# Wooden Soap Boxes



## Guest (Jun 2, 2011)

I have wooden soap boxes that were made for me.  When I first started making soap I would line them with meat cutting paper...very expensive...lots of work. I now line them with plastic garbage bags which I was in my machine and re-use them.  At first I had a hard time working with the plastic, then I started wetting the inside of the wooden box, the plastic stuck to the wood.  If you take a moment and smooth the plastic as well as to push it into the corners you get a nice square soap loaf!


----------



## cthylla (Jun 5, 2011)

I may have to try this!  I also have a wood mold, and hate lining it.  Others have mentioned using contact paper to line the molds, too!


----------



## Guest (Jun 7, 2011)

Thanks for your reply, I hope you do try it.  I am making soap as we speak, lavender and a fragrance called pink sugar.  They are both very popular with my clients.  I am going to also try today putting the soap boxes into the freezer to prevent the color change when the soap heats up as I put organic coconut milk in my soap.


----------



## cinta (Jun 8, 2011)

Sounds like a good idea.

I have gotten into the habit of lining my wooden moulds with freezer paper as soon as I unmould a batch...then when I make my next batch, the moulds are already lined.

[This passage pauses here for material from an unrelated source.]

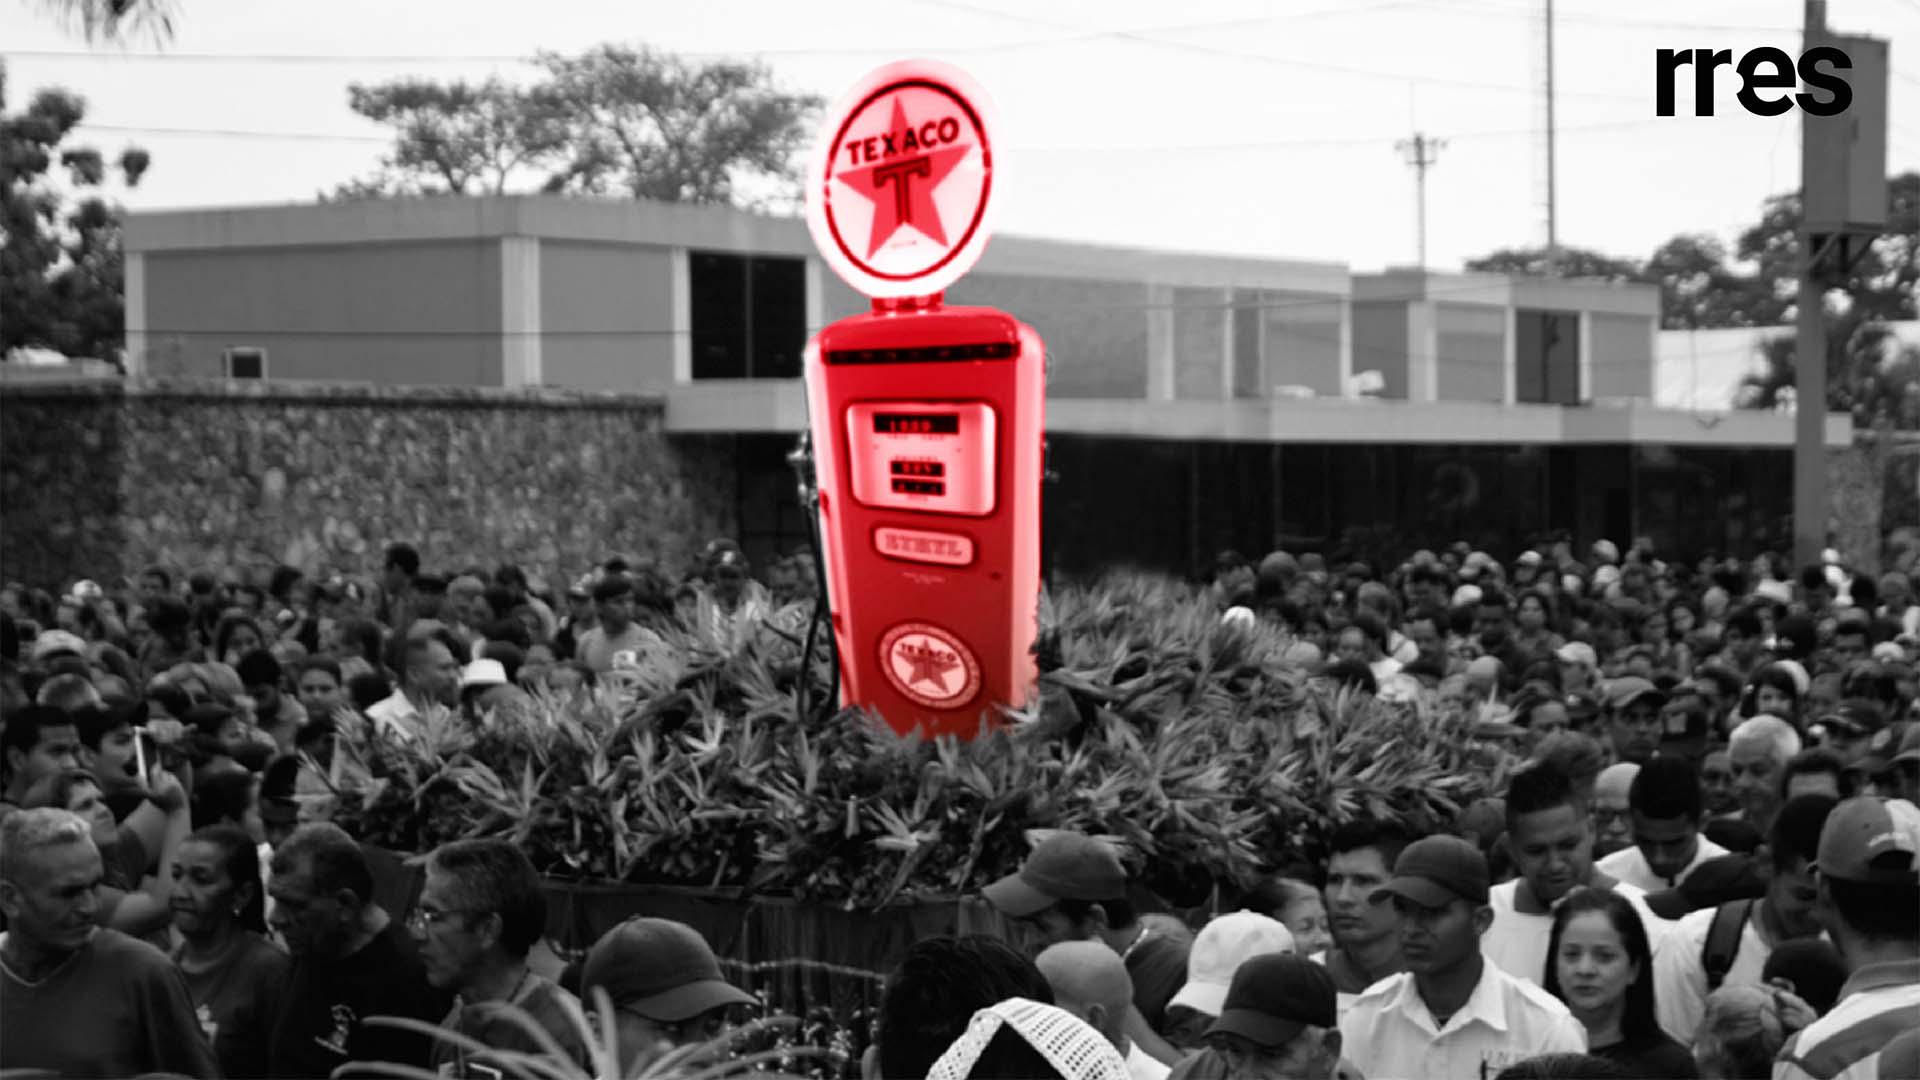 #Top10Humor | Ideas rechazadas para resolver el problema de gasolina en Venezuela, por Víctor J. Ochoa S.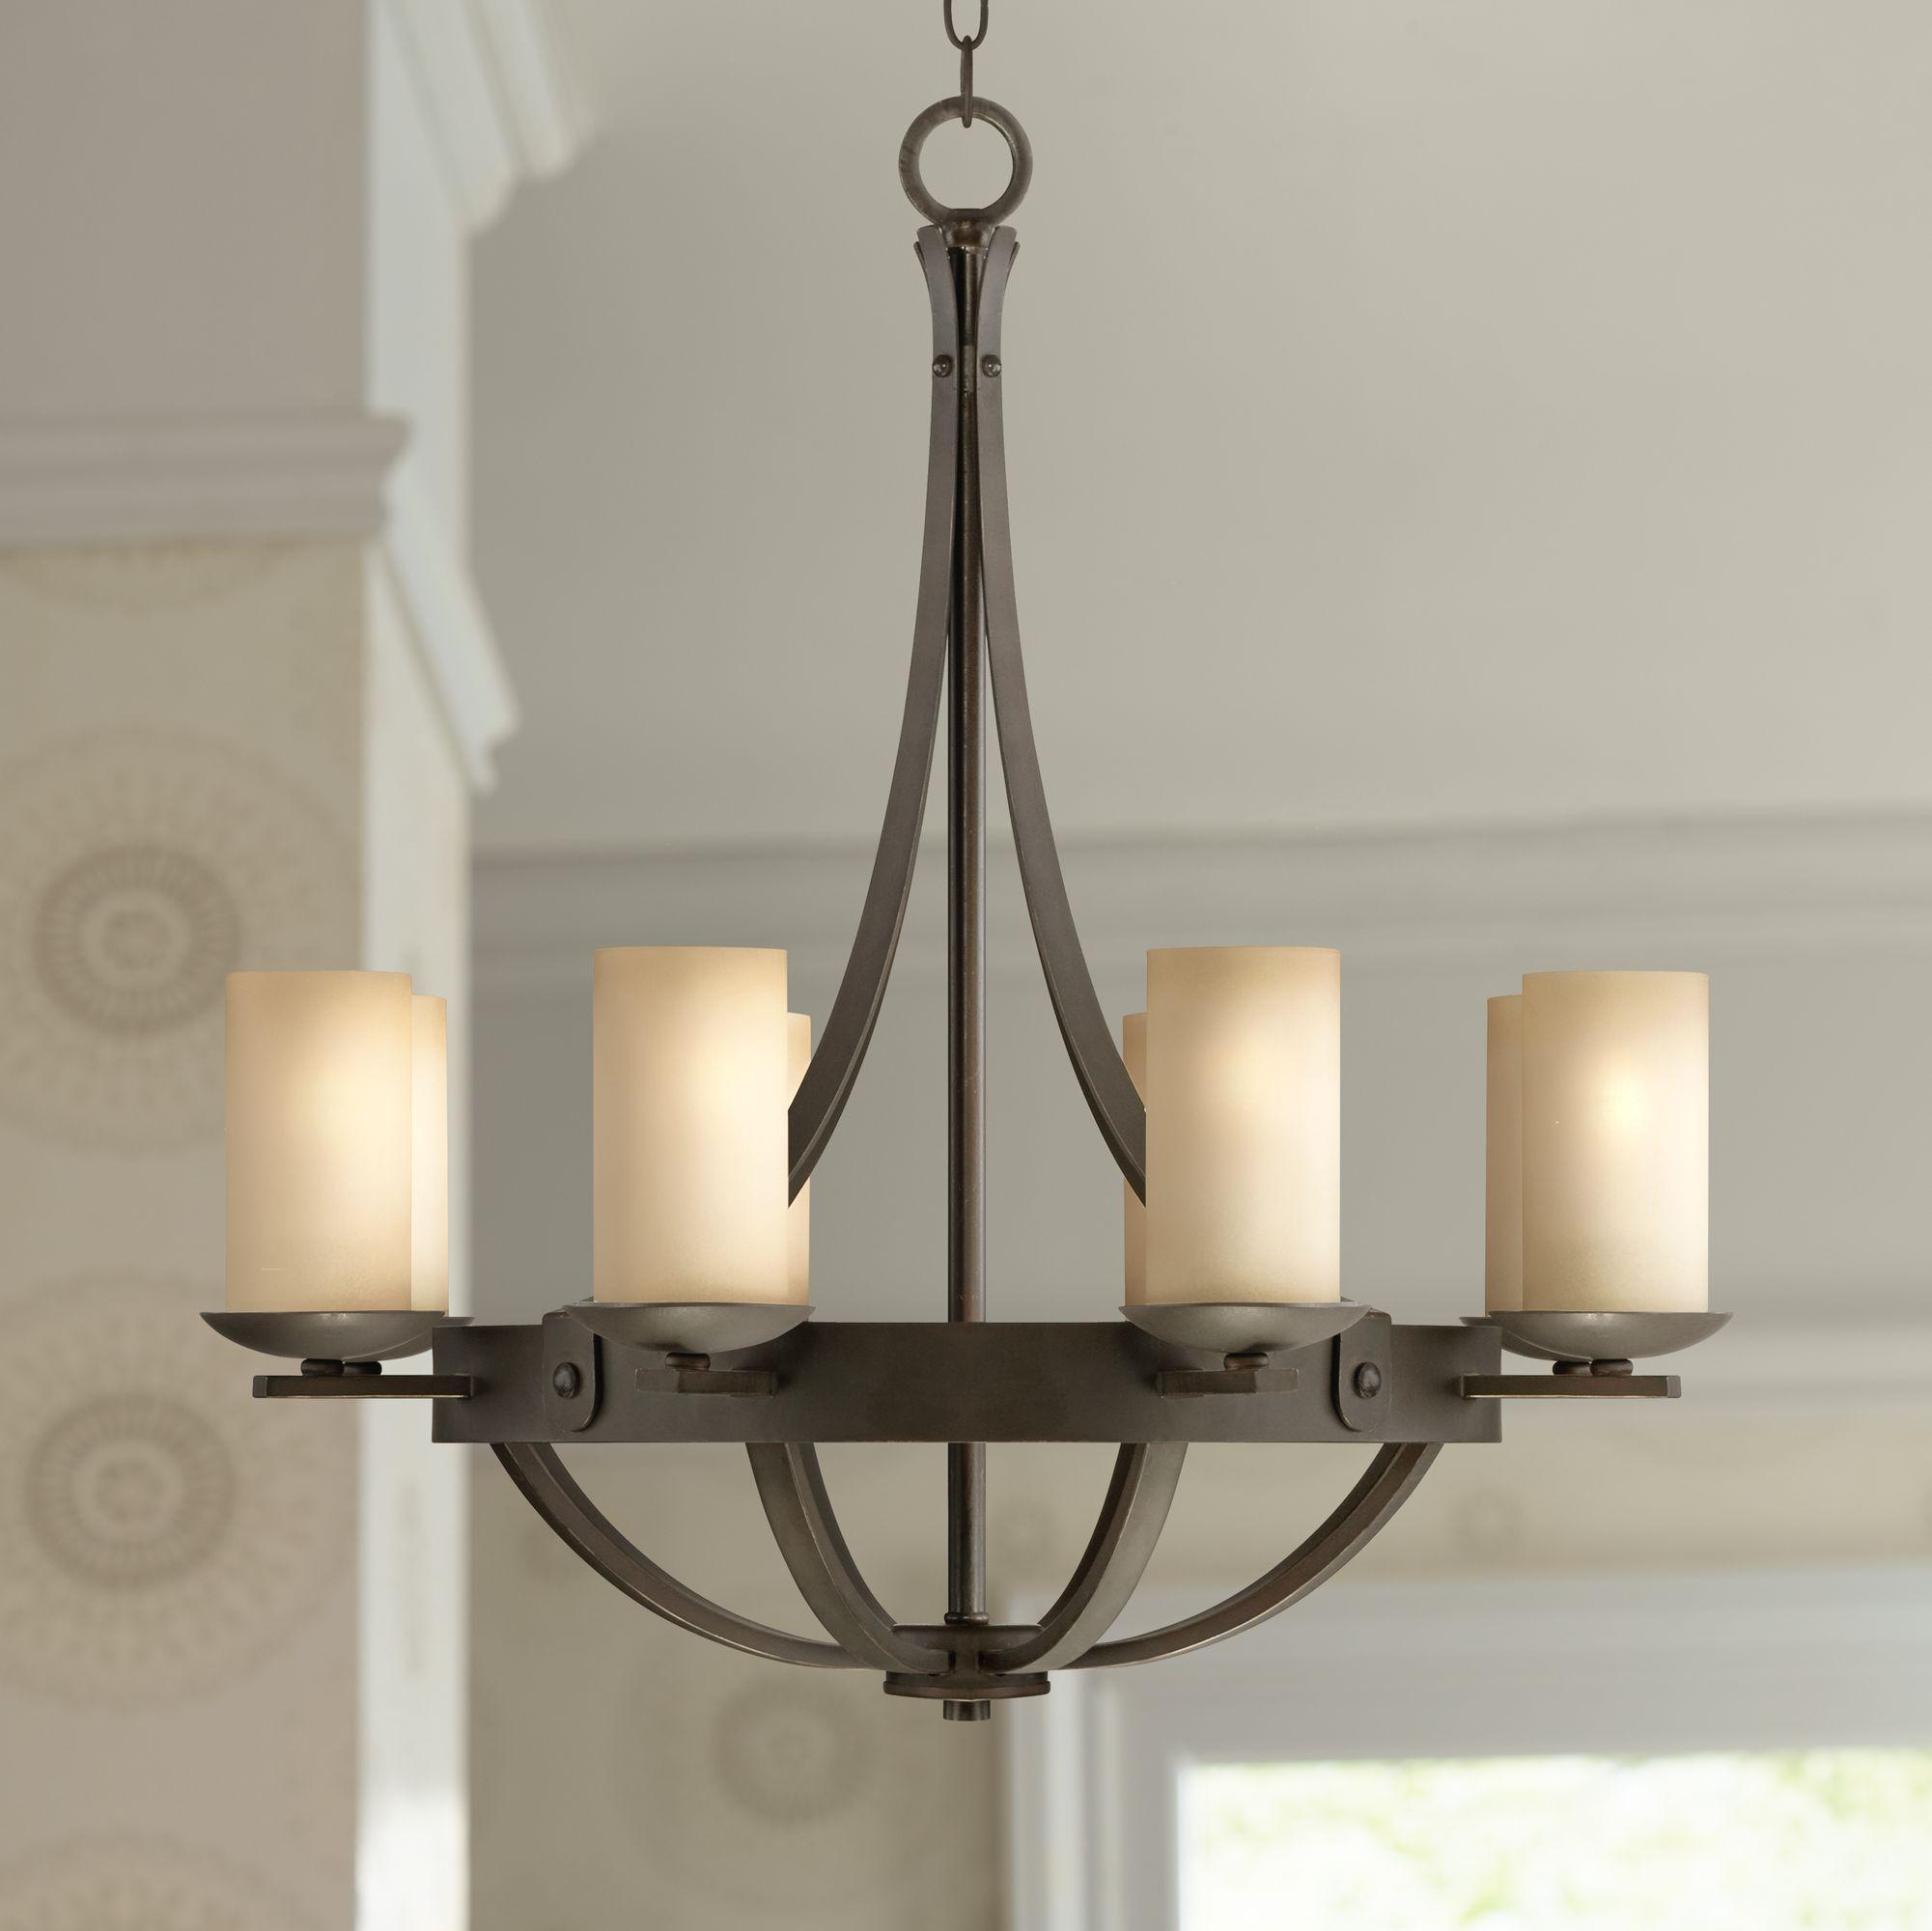 dining room chandeliers sperry bronze 28 TTHZCAL

It just seems like much less of a hassle if I do it like that.


----------



## Guest (Jun 8, 2011)

Well I took my soap out of the wooden boxes to day after putting them in the freezer for 6 hours yesterday.  I made two soaps using identical recipes, but different scents, the lavender soap has not heated up, but I can feel the soap log made with pink sugar is slightly warm.  Anxious to cut it.  I am going to put some of my soap photos on to a sight online so that I can share them.


----------